Passion Flower Tea

Passion-Flower-11

Have passion flower trees in abundance here. Sour and Sweet varieties both. Today, for the first time made tea with flowers from sour bush because we cannot eat too many of its sour fruits.
And it was so soothing!

Interesting information about this flower:

“The “Passion” in “passion flower” refers to the passion of Jesus in Christian theology. In the 15th and 16th centuries, Spanish Christian missionaries adopted the unique physical structures of this plant, particularly the numbers of its various flower parts, as symbols of the last days of Jesus and especially his crucifixion:

Blue passion flower (P. caerulea) showing most elements of the Christian symbolism
The pointed tips of the leaves were taken to represent the Holy Lance.
The tendrils represent the whips used in the flagellation of Christ.
The ten petals and sepals represent the ten faithful apostles (excluding St. Peter the denier and Judas Iscariot the betrayer).
The flower’s radial filaments, which can number more than a hundred and vary from flower to flower, represent the crown of thorns.
The chalice-shaped ovary with its receptacle represents a hammer or the Holy Grail
The 3 stigmas represent the 3 nails and the 5 anthers below them the 5 wounds (four by the nails and one by the lance).
The blue and white colors of many species’ flowers represent Heaven and Purity.
The flower has been given names related to this symbolism throughout Europe since that time. In Spain, it is known as espina de Cristo (“Christ’s thorn”). Older Germanic names include Christus-Krone (“Christ’s crown”), Christus-Strauss (“Christ’s bouquet”), Dorn-Krone (“crown of thorns”), Jesus-Lijden (“Jesus’ passion”), Marter (“passion”) or Muttergottes-Stern (“Mother of God’s star”).

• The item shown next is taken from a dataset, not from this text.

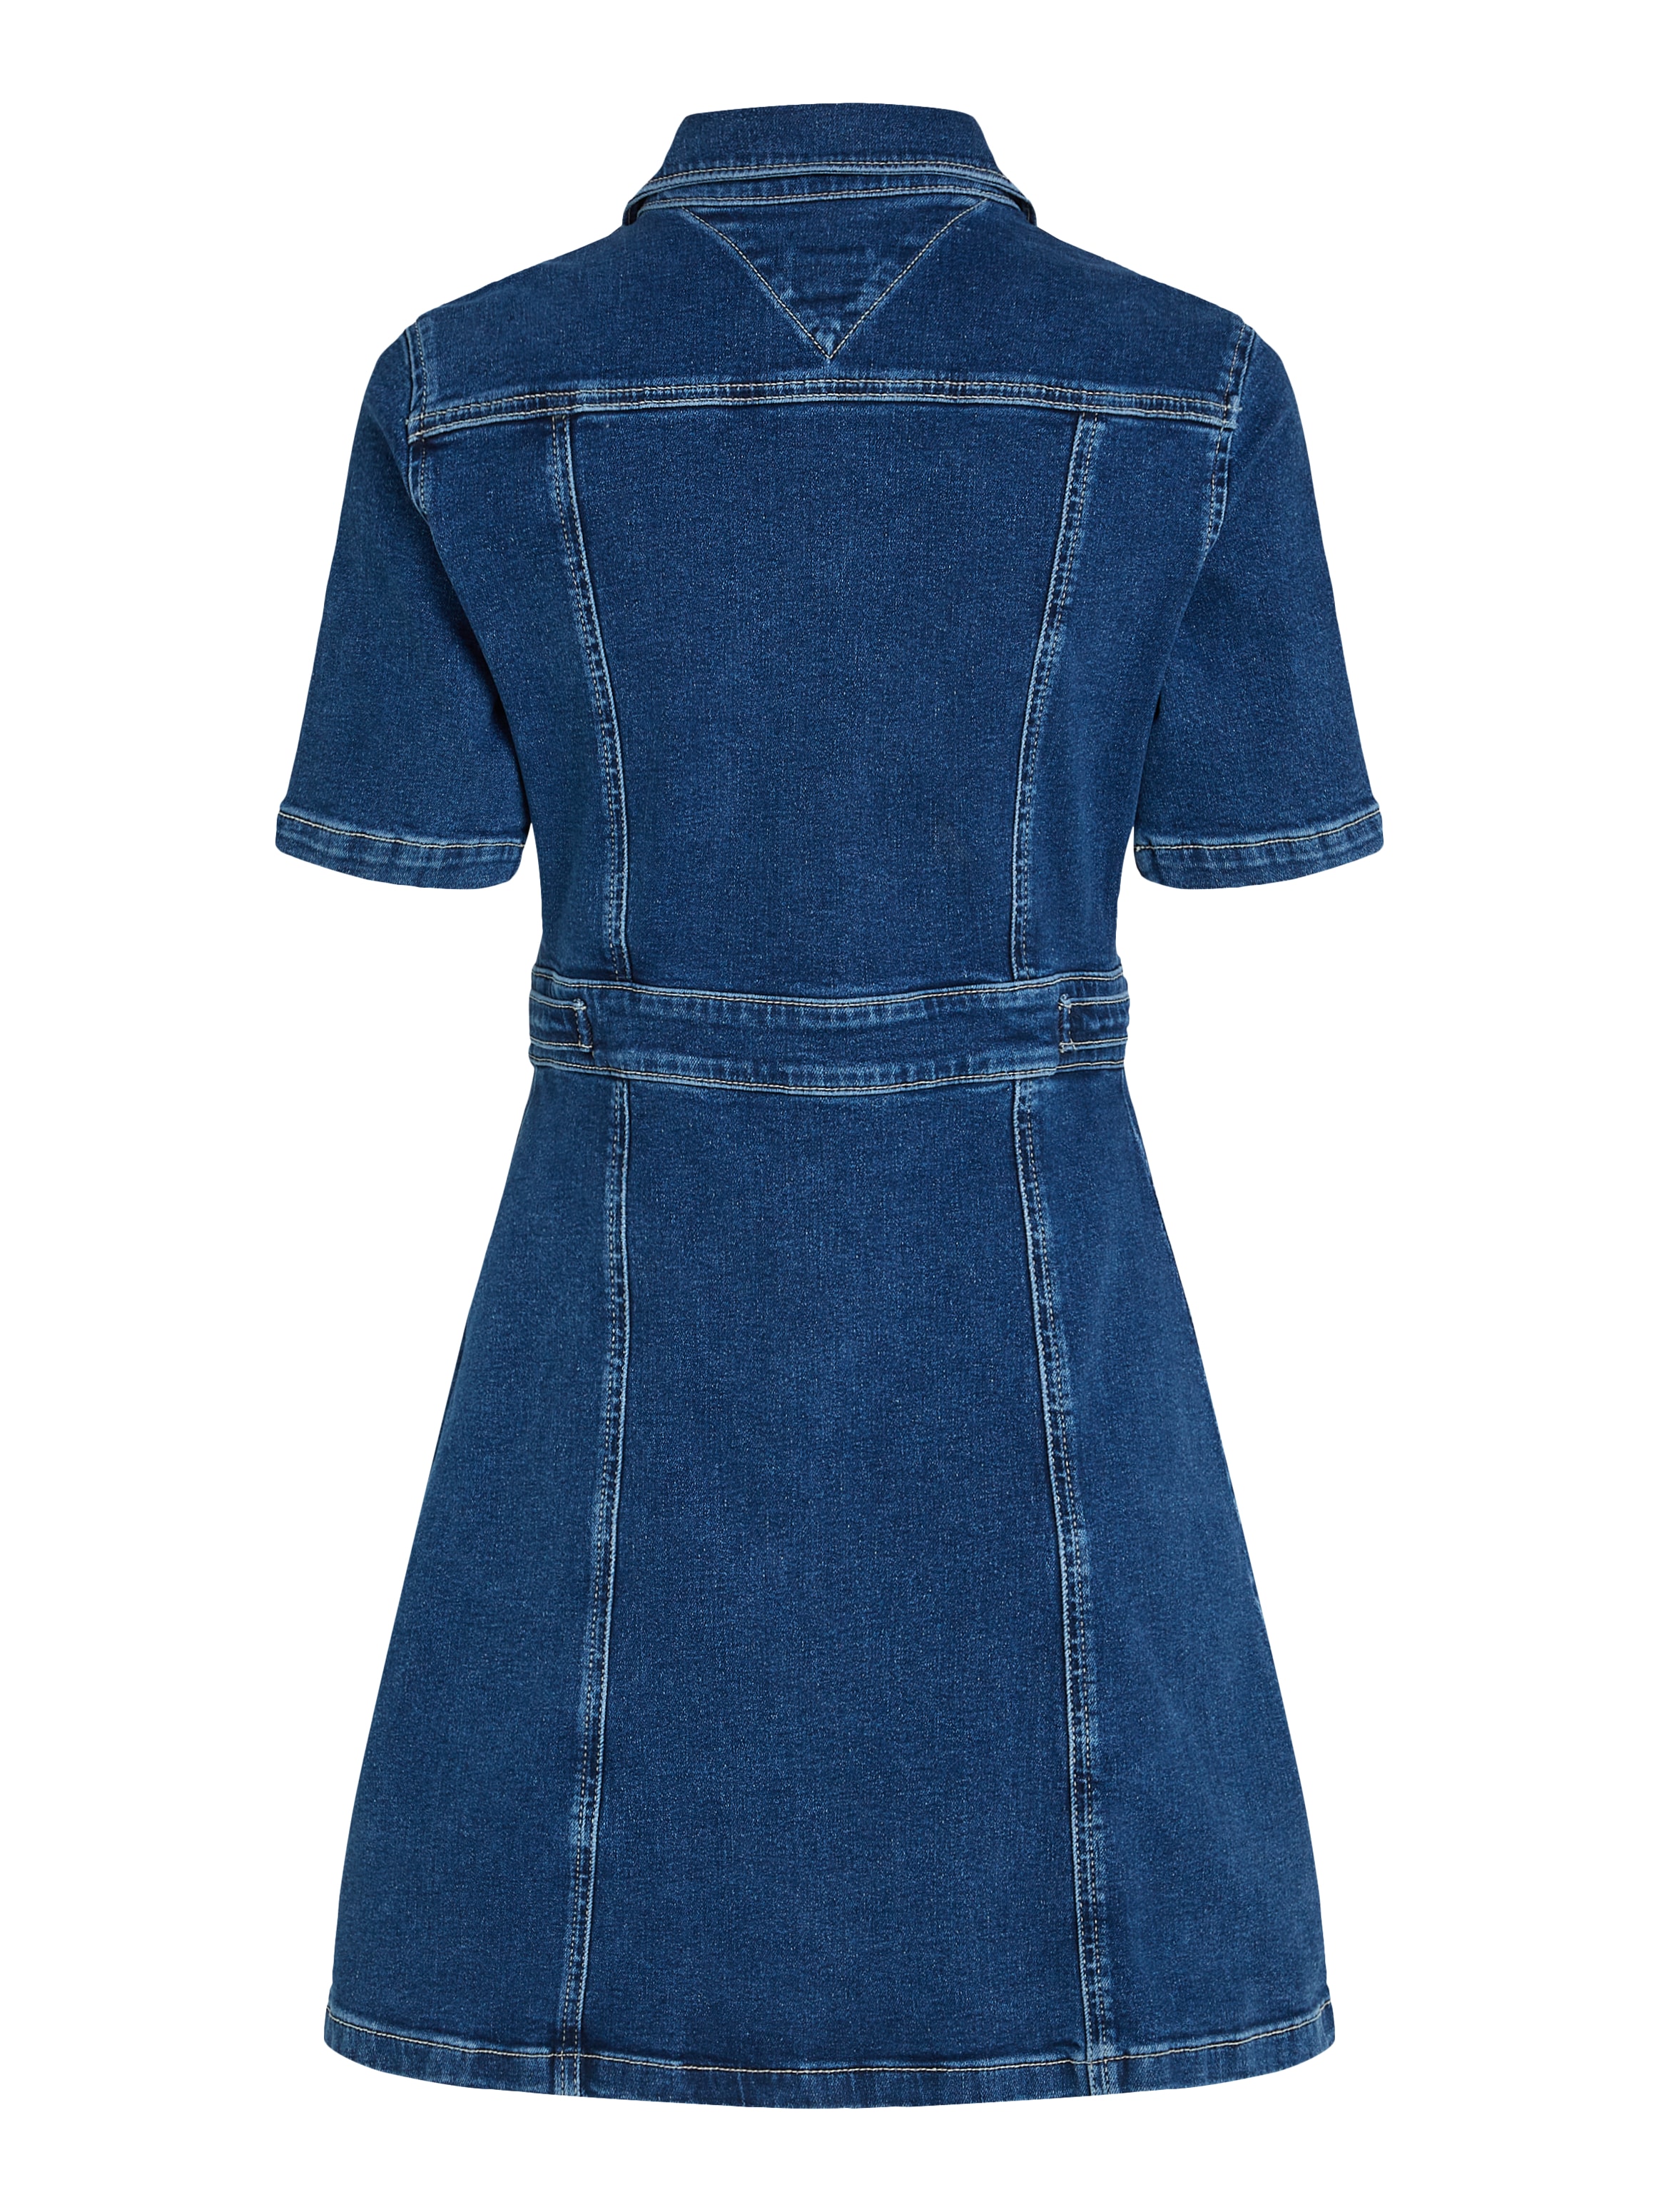 Tommy Jeans Blusenkleid »FLARED SS DRESS CH4253«, in modischer Flared Form
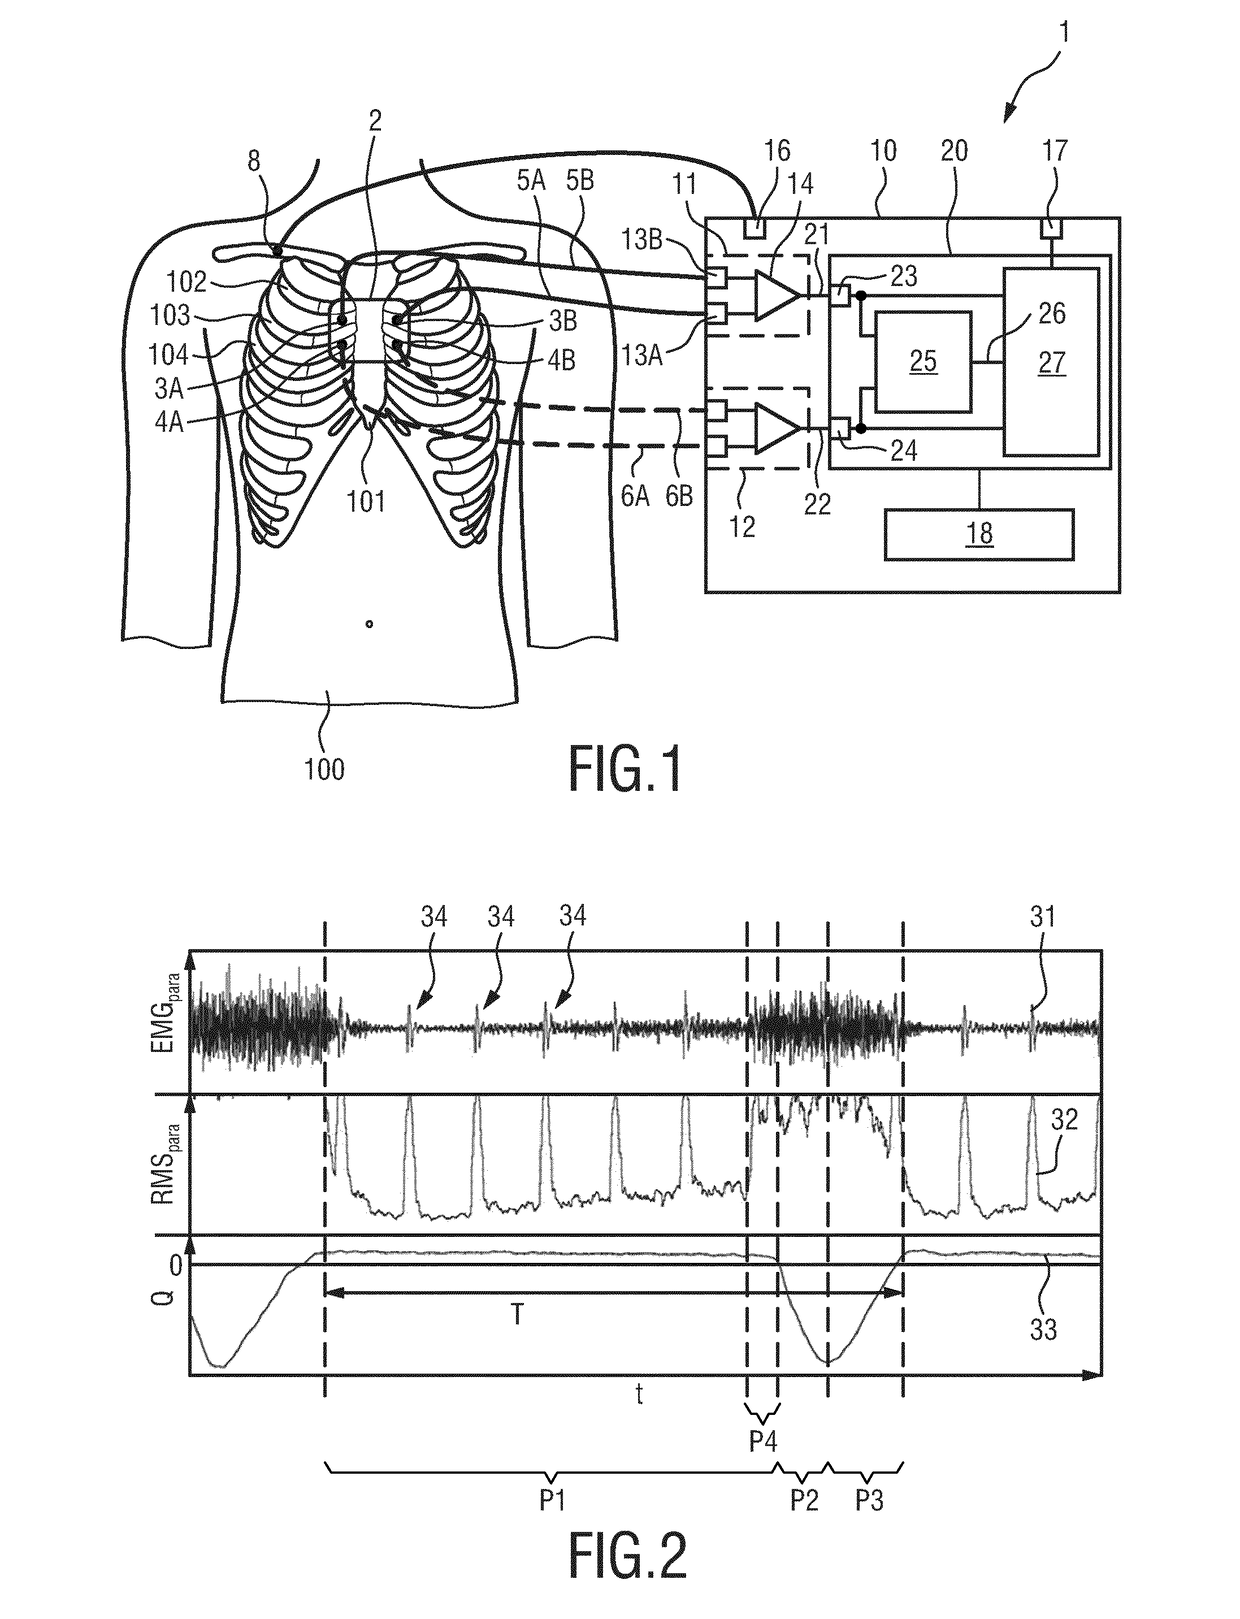 Apparatus and method for processing electromyography signals related to respiratory activity

Outside the Christian heartland, the regularly shaped flowers have reminded people of the face of a clock. In Israel they are known as “clock-flower” (שעונית) and in Greece as “clock plant” (ρολογιά); in Japan too, they are known as tokeisō (時計草, “clock plant”). In Hawaiian, they are called lilikoʻi; lī is a string used for tying fabric together, such as a shoelace, and liko means “to spring forth leaves”.

In India, blue passionflowers are called Krishnakamala in Karnataka and Maharashtra, while in Uttar Pradesh and generally north it is colloquially called “Paanch Paandav”. The flower’s structure lends itself to the interpretation along the lines of five Pandavas, the Divine Krishna at centre, and the opposing hundred at the edges. The colour blue is moreover associated with Krishna as colour of his aura.

Passiflora ‘Soi Fah’ aka Krishnakamala in India
In northern Peru and Bolivia, the banana passionfruits are known as tumbos. This is one possible source of the name of the Tumbes region of Peru.

In Turkey shape of the flowers have reminded people of Rota Fortunae thus it called Çarkıfelek.”